Außerdem haben 116 Feuerwehrkameraden einen Durchgang auf der Atemschutzübungsstrecke bestanden, und 34 Kameraden haben sich im Umgang mit Regenerationsgeräten weitergebildet.

453 Mal wurden die Feuerwehren der Kreisstadt Limburg im vergangenen Jahr alarmiert und 99 Mal mussten Brandsicherheitsdienste geleistet werden.

Die Alarme setzen sich wie folgt zusammen: Insgesamt 331 Brandeinsätze gliedern sich in 126 Brandeinsätze , 192 Einsätze aufgrund von Brandmelde-Anlagen, zehn blinde Alarme und drei böswillige Fehlalarme. Dazu kommen 122 technische Hilfeleistungseinsätze wie Verkehrsunfälle, Sturm- und Unwettereinsätze, die Beseitigung von Ölspuren und Türöffnungen. Im Jahr 2015 retten die Limburger Feuerwehrleute 22 Menschen; drei Menschen konnten nur noch tot geborgen werden.

„Wenn man die Einsatzzahlen betrachtet, so können wir auf die Leistungen der Freiwilligen Feuerwehren der Kreisstadt Limburg an der Lahn stolz sein“, sagte Lorger. „Alle Leistungen wurden von freiwilligen Helfern ehrenamtlich und unentgeltlich erbracht. Für dieses große Engagement möchte ich mich heute bei euch allen bedanken.“

Lorger schloss in seinem Dank auch die Arbeitgeber ein, die die Feuerwehrkameraden – auch in wirtschaftlich schwierigen Zeiten – für den Einsatzdienst freistellen. „Ein Engagement, was schon lange nicht mehr selbstverständlich ist.“

Im Mittelpunkt der Versammlung standen zahlreiche Ehrungen:

Das hessische Brandschutzehrenzeichen erhielten Uwe Borbonus, Eschhofen (Gold 40 Jahre), Ingo Fleger, Ahlbach (Silber 25 Jahre), Peter Göbbels, Limburg (Gold 40 Jahre), Meik Hilfrich, Lindenholzhausen (Gold 40 Jahre), René Jung, Limburg (Silber 25 Jahre), Tobias Meffert, Limburg (Silber 25 Jahre), Thomas Moos, Linter (Gold 40 Jahre), Bernd Rompel, Lindenholzhausen (Gold 40 Jahre).

Die Katastrophenschutz-Medaille ging an: Andreas Graf (Bronze), Markus Heinritz (Silber), Marc Hess (Bronze), Jürgen Hertzel (Gold), René Jung (Bronze), Thomas Keuter (Bronze), Dennis Laskowski (Bronze), Tobias Meffert (Bronze), Stephan Meurer (Bronze), Marcus Wichmann (Bronze), Sebastian Zimmermann (Bronze).

Über Ehrungen des Nassauischen Feuerwehrverbands für langjährige Tätigkeit können sich freuen: Thomas Möhlhenrich, Linter (Silber 20 Jahre), Markus Heinritz, Staffel (Silber 20 Jahre), Rolf Wunsch, Limburg (Silber 20 Jahre), Marc Hess, Limburg (Gold 30 Jahre), Heiko Sabel, Limburg (Gold 30 Jahre), Kay Simon, Limburg (Gold 30 Jahre).
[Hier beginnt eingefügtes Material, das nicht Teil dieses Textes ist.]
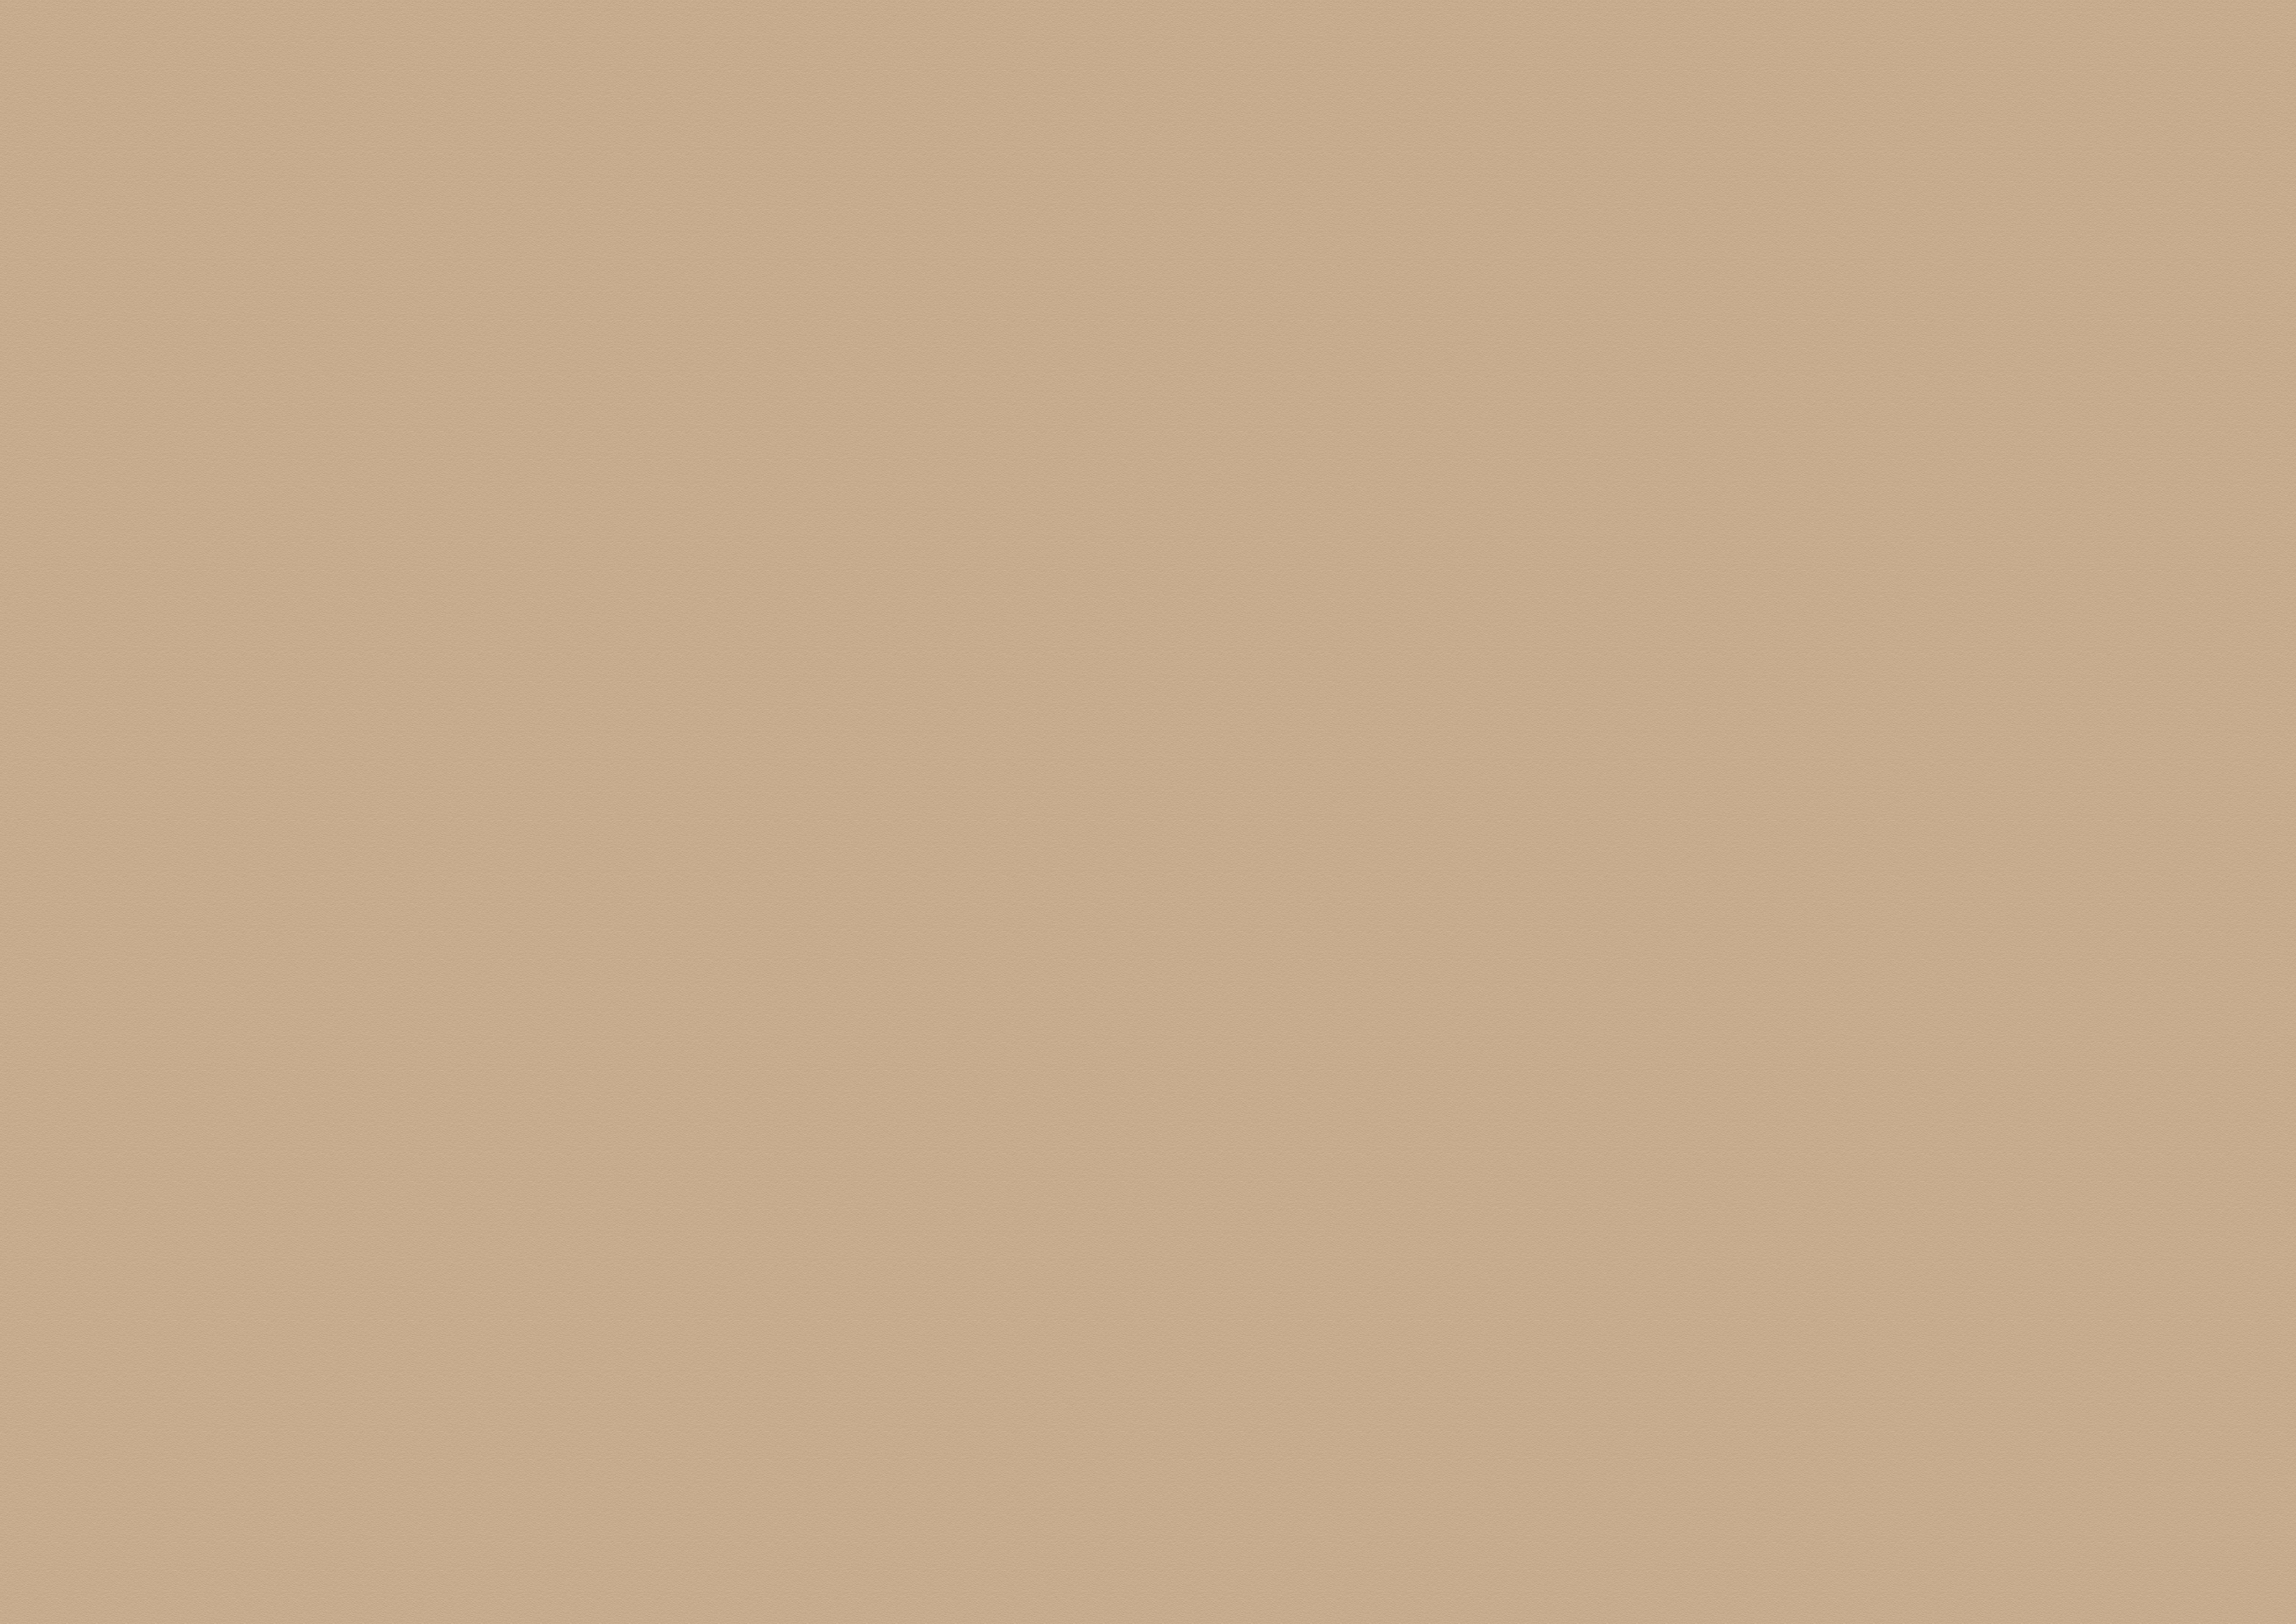 Camel/ Camel maro U204 ST9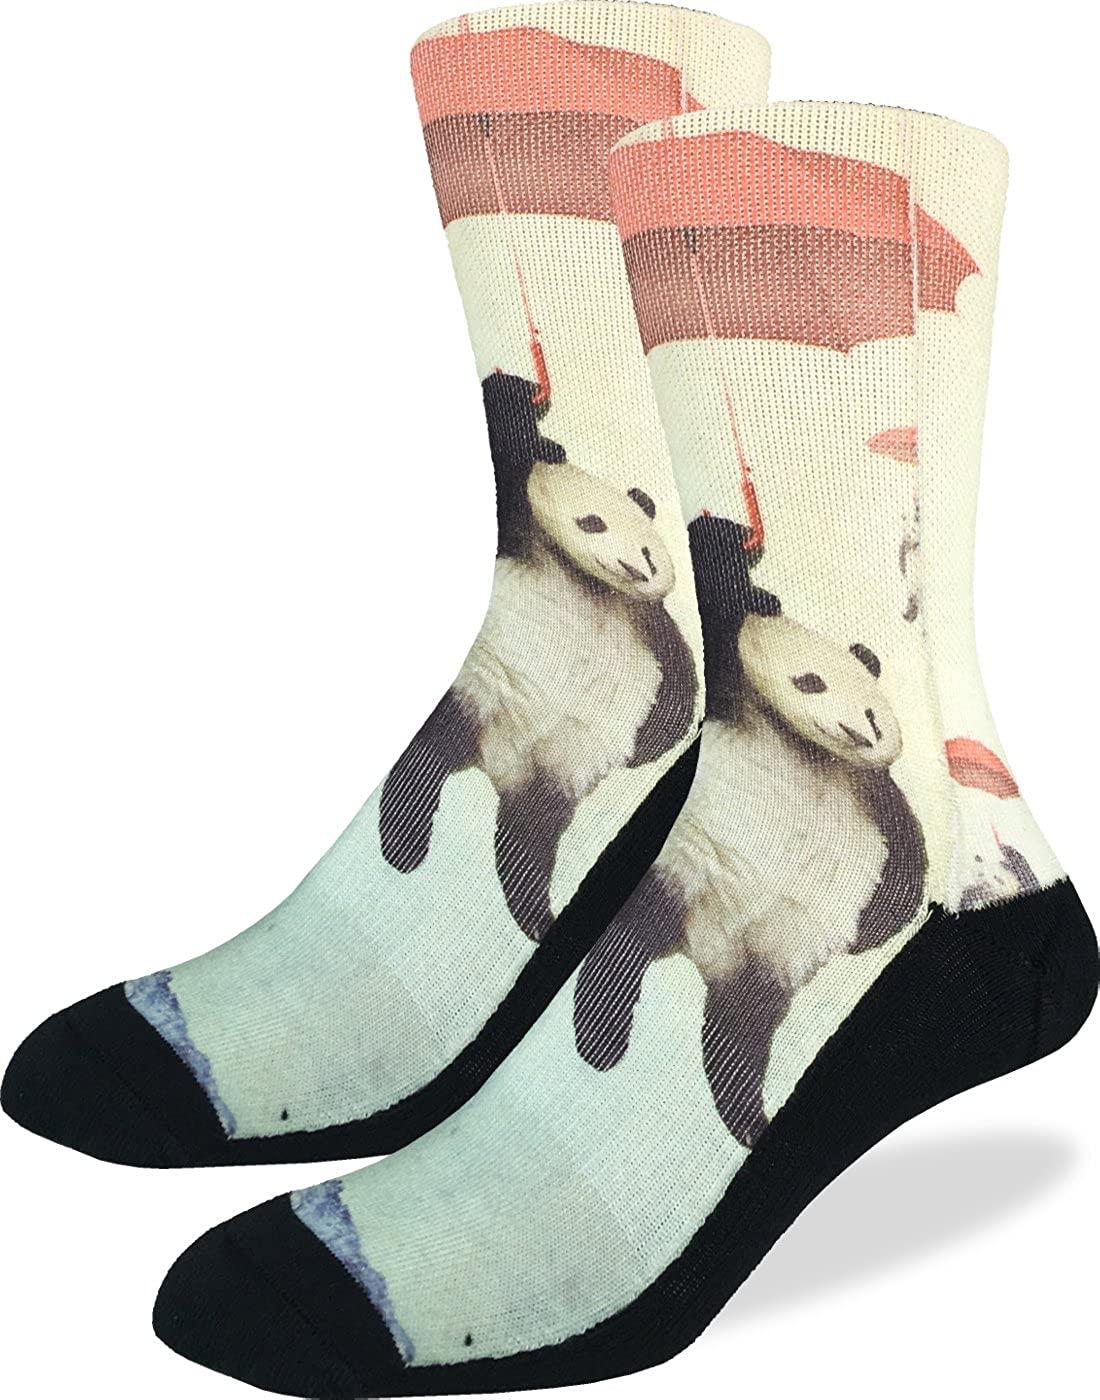 Good Luck Sock Men's Panda Crew Socks - Grey, Adult Shoe Size 8-13

Zusätzlich das Deutsche Feuerwehr-Fitness-Abzeichen in Gold für Dr. Marc Kramb (Ahlbach).

Lorger wies auch auf die in Limburger verbesserte Förderung des Ehrenamts hin. Die Stadtverordneten hätten im Frühjahr 2015 einen Maßnahmenkatalog verabschiedet, der eine Gratifikation für Ausbildung und Seminare in Höhe von 20 Euro pro Lehrgangs- oder Seminartag vorsieht, die Förderung des Besuchs eines Fitnessstudios mit einem Zuschuss von 20 Euro pro Monat, den kostenfreien Eintritt in das Parkbad und eine Gratifikation für Atemschutzgeräteträger in Höhe von 100 Euro pro Jahr.